**Exercise details:** Repeat only the lines between the one with "Gust. Nordanås torp" and the end of the material below, both ends included. Omit any picture.
--- START ---
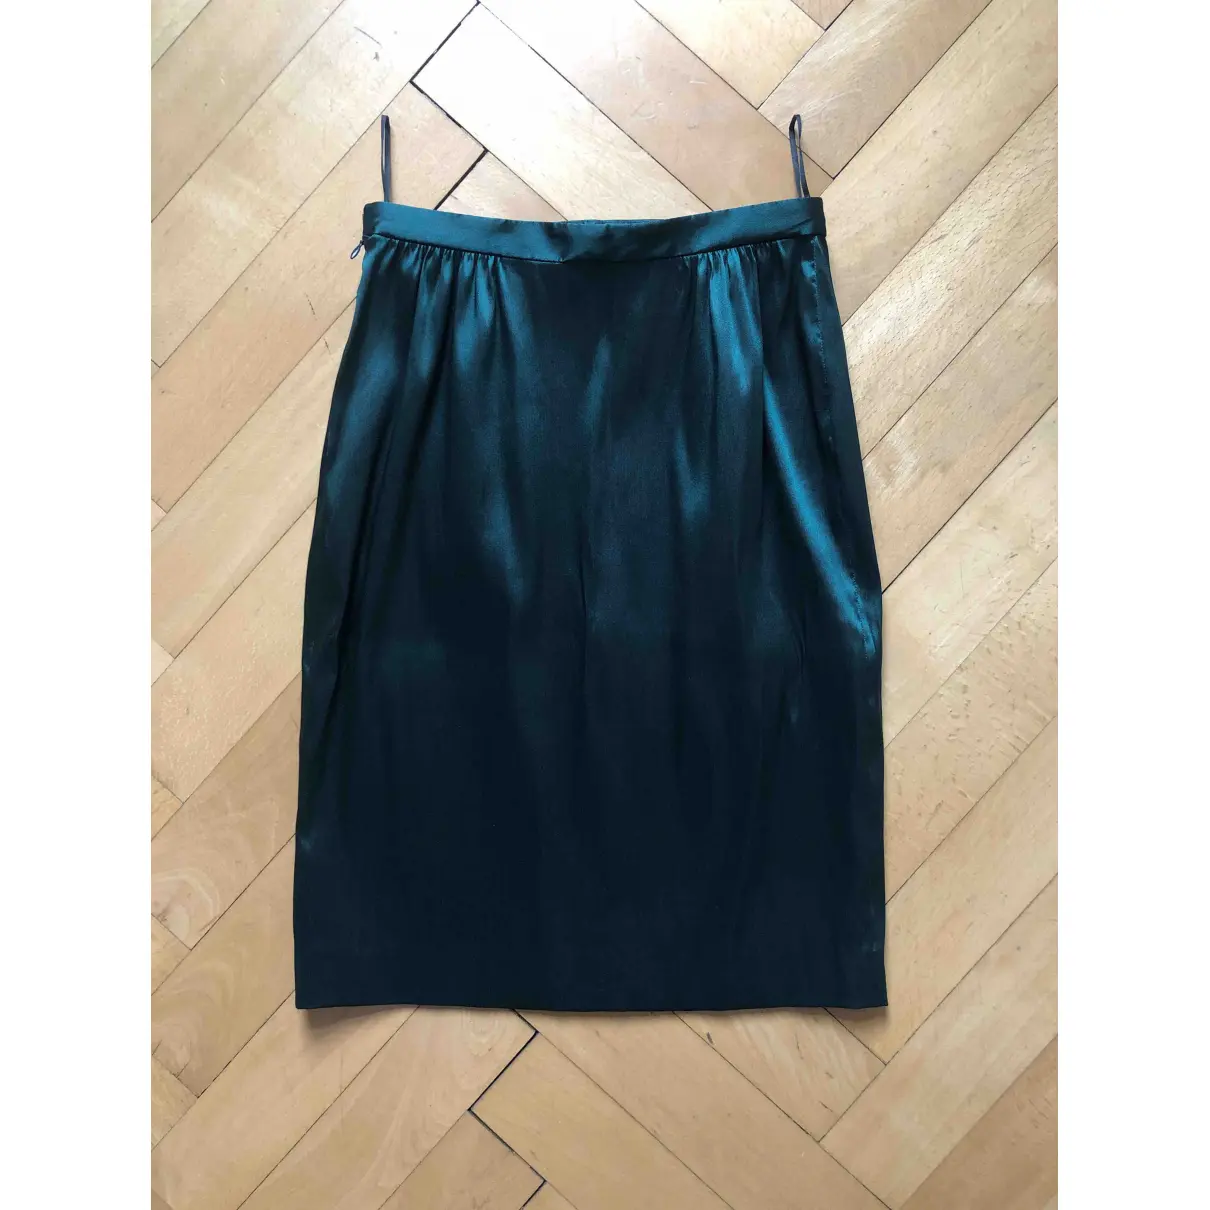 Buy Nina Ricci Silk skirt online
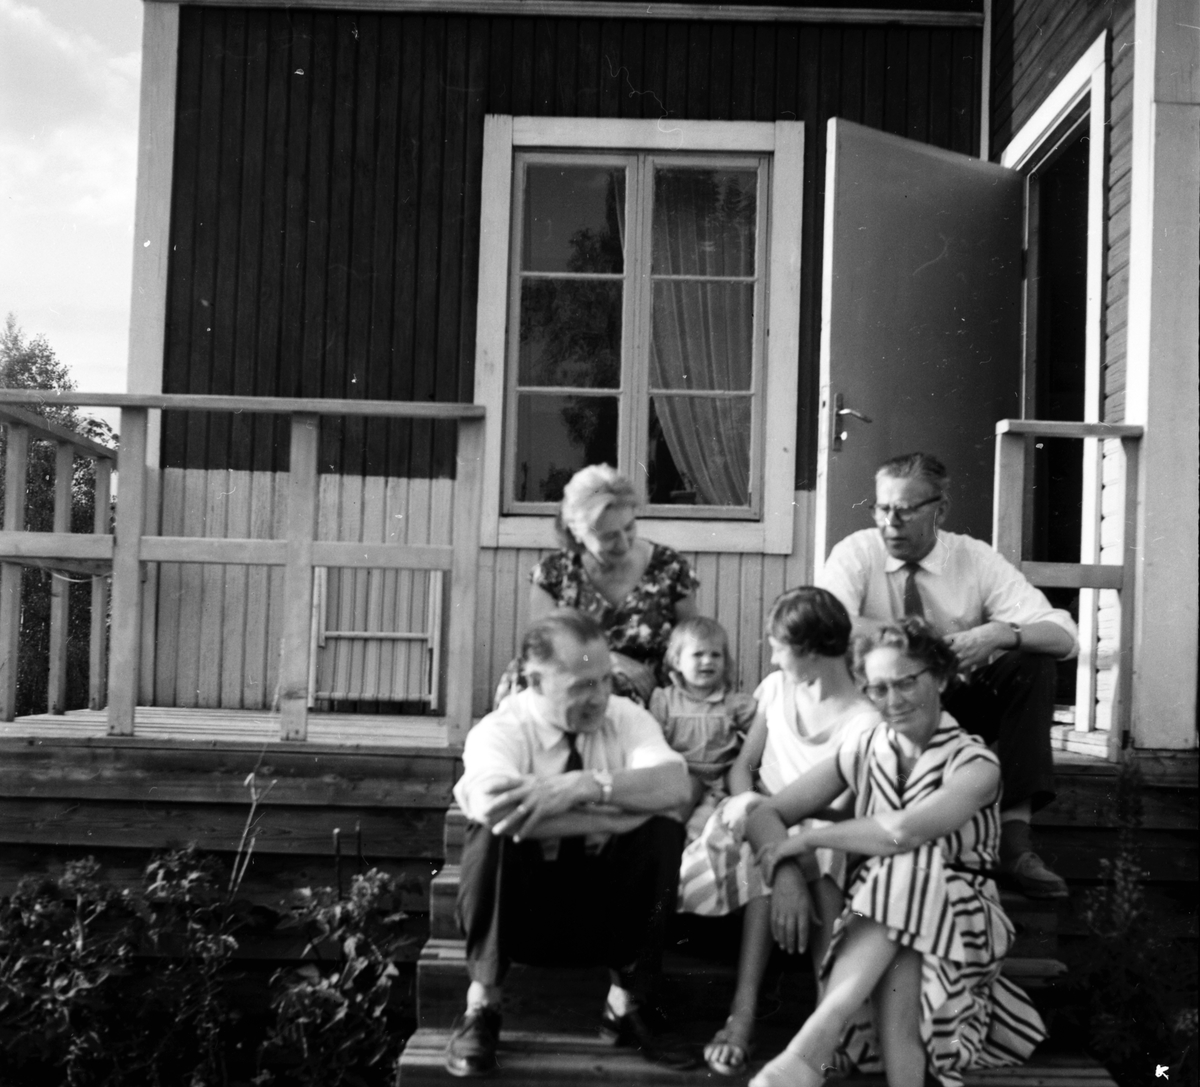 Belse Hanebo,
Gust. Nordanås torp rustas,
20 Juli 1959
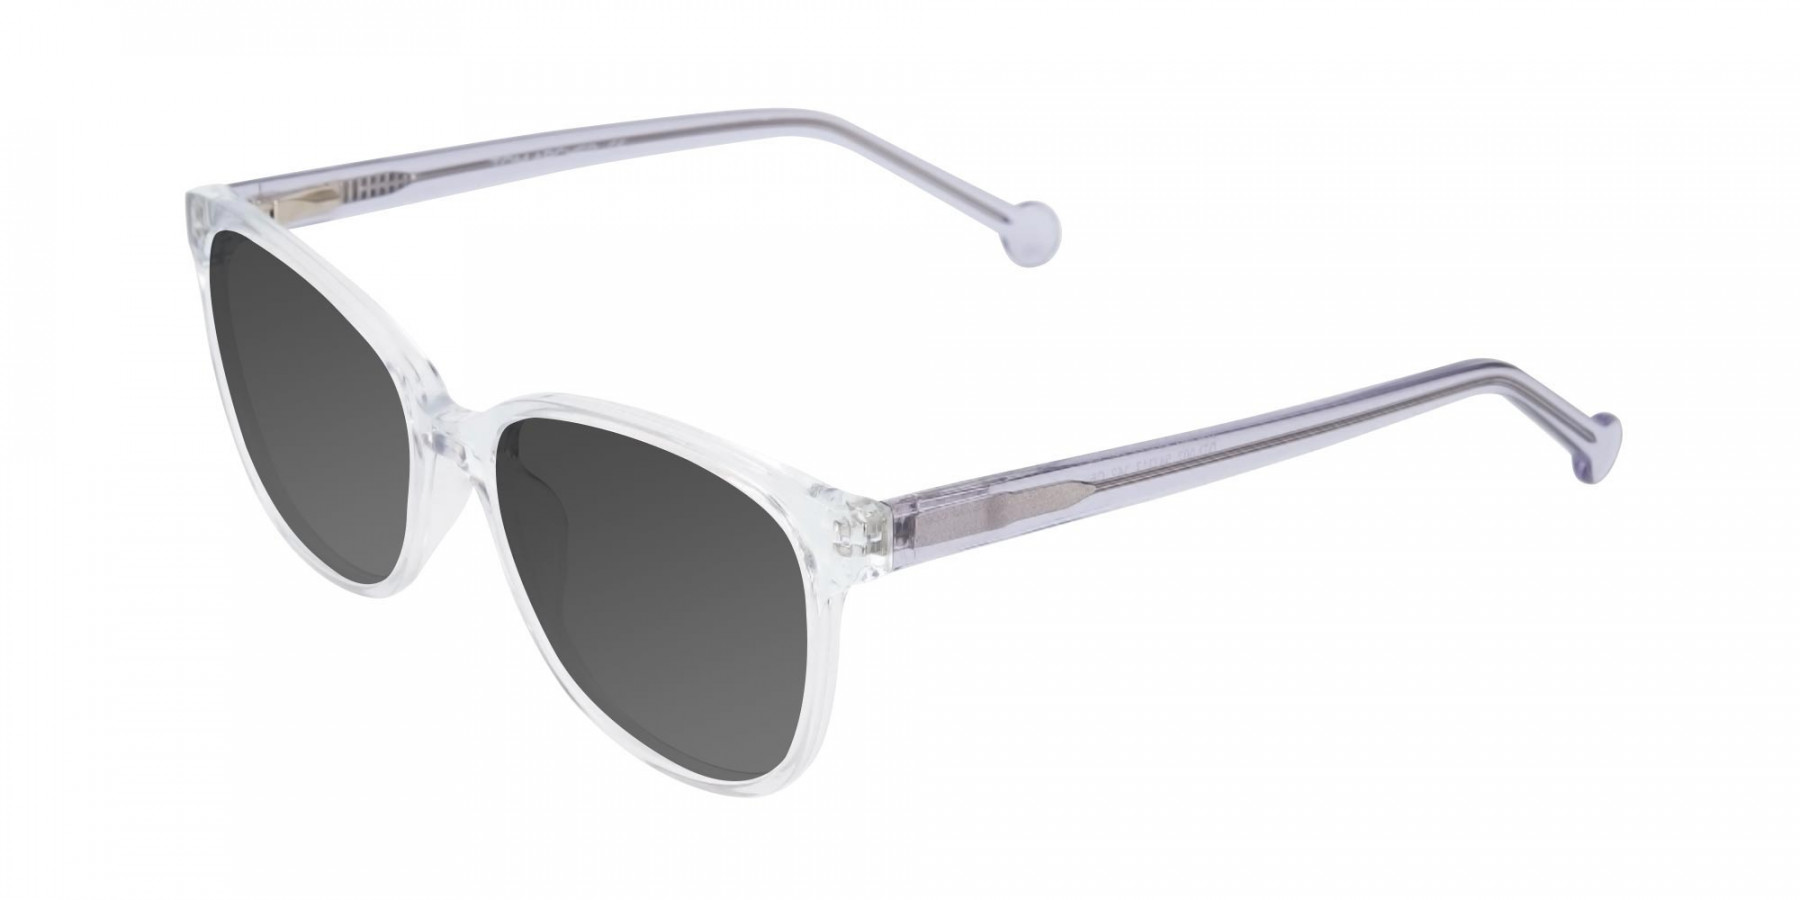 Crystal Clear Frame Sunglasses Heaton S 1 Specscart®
--- END ---
**Exercise answer:**
Gust. Nordanås torp rustas,
20 Juli 1959
 Crystal Clear Frame Sunglasses Heaton S 1 Specscart®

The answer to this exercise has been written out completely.